If a line in the data below holds the word "Sets", copy it.

##########

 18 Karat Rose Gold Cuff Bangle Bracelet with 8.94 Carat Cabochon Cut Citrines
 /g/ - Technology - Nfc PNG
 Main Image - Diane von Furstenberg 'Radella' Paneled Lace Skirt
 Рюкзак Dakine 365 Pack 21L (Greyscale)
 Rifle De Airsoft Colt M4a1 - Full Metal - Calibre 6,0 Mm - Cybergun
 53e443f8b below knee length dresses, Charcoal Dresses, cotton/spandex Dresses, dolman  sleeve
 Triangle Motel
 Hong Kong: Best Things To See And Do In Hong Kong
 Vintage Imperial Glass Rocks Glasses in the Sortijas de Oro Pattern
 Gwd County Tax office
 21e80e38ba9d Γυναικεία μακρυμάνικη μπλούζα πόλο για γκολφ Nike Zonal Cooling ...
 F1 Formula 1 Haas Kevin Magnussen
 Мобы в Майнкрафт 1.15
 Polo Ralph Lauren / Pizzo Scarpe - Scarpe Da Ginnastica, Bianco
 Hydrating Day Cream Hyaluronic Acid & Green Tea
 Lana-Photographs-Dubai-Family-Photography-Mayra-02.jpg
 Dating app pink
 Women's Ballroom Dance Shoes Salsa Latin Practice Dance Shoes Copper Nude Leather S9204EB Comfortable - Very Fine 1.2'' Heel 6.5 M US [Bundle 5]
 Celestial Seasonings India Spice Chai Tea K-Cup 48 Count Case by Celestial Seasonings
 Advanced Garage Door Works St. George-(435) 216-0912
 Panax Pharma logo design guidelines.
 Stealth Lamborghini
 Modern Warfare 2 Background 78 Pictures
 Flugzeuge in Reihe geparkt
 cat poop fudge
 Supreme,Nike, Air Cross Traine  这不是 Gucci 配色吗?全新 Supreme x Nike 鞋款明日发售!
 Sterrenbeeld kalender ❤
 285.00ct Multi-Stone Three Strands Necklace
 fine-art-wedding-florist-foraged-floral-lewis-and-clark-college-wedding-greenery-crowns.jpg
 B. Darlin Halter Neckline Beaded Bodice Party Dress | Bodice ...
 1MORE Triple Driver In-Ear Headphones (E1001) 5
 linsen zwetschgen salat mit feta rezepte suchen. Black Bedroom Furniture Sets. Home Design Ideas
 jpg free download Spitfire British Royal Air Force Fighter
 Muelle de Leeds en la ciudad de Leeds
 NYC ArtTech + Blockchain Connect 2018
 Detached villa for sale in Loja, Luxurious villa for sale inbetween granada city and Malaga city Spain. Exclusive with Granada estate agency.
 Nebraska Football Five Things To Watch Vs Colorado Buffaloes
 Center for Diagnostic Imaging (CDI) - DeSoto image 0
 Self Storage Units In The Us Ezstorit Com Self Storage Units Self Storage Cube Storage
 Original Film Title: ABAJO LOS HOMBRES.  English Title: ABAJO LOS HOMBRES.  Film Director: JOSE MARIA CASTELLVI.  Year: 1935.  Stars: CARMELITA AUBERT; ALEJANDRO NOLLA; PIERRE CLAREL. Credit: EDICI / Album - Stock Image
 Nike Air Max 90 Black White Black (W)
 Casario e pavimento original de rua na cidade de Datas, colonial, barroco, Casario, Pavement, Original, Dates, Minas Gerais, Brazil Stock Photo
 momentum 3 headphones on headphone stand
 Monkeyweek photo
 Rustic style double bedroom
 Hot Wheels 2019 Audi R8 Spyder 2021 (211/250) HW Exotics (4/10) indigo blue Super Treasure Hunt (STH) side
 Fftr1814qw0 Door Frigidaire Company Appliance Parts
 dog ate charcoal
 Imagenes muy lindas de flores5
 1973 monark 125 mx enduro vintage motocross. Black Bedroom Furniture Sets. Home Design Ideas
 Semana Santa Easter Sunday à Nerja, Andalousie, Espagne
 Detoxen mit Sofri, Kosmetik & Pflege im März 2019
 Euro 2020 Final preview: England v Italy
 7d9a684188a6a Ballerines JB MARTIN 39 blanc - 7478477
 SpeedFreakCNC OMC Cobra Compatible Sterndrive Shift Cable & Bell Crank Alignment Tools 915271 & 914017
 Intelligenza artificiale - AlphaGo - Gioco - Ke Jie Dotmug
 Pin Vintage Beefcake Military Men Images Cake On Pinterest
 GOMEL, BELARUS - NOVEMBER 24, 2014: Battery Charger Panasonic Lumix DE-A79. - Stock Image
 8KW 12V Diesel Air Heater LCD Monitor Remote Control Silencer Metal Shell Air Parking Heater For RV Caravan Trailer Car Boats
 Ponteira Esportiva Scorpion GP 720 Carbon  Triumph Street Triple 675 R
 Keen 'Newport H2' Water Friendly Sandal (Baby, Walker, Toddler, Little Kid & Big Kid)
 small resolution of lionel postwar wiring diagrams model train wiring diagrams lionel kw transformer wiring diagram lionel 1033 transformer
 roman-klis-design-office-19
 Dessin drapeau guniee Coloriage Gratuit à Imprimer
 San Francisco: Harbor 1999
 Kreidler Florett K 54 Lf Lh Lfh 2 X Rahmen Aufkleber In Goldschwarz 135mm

##########

> **Reply**:
 linsen zwetschgen salat mit feta rezepte suchen. Black Bedroom Furniture Sets. Home Design Ideas
 1973 monark 125 mx enduro vintage motocross. Black Bedroom Furniture Sets. Home Design Ideas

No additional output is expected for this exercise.